**TASK GOAL**
Using the entries below, quote exactly the span of lines that begins with the line containing "in Hanging Vase" and ends with the final line.

==== EXCERPTED RECORDS

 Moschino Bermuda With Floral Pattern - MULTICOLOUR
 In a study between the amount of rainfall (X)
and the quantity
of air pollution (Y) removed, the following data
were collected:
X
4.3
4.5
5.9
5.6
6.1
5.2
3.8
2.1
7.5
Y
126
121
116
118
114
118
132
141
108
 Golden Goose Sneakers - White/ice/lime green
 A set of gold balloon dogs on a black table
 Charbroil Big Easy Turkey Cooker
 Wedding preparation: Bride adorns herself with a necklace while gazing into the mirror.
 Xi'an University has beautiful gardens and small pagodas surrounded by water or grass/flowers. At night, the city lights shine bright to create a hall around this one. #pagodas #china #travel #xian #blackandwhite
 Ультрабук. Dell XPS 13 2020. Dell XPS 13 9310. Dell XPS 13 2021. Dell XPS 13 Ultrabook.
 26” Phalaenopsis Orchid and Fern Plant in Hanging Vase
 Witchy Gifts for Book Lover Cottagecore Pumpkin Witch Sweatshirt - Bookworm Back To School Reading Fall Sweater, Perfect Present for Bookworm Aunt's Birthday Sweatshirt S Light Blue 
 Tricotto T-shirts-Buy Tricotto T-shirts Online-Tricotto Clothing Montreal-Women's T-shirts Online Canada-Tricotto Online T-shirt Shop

========

**THE ANSWER**
 26” Phalaenopsis Orchid and Fern Plant in Hanging Vase
 Witchy Gifts for Book Lover Cottagecore Pumpkin Witch Sweatshirt - Bookworm Back To School Reading Fall Sweater, Perfect Present for Bookworm Aunt's Birthday Sweatshirt S Light Blue 
 Tricotto T-shirts-Buy Tricotto T-shirts Online-Tricotto Clothing Montreal-Women's T-shirts Online Canada-Tricotto Online T-shirt Shop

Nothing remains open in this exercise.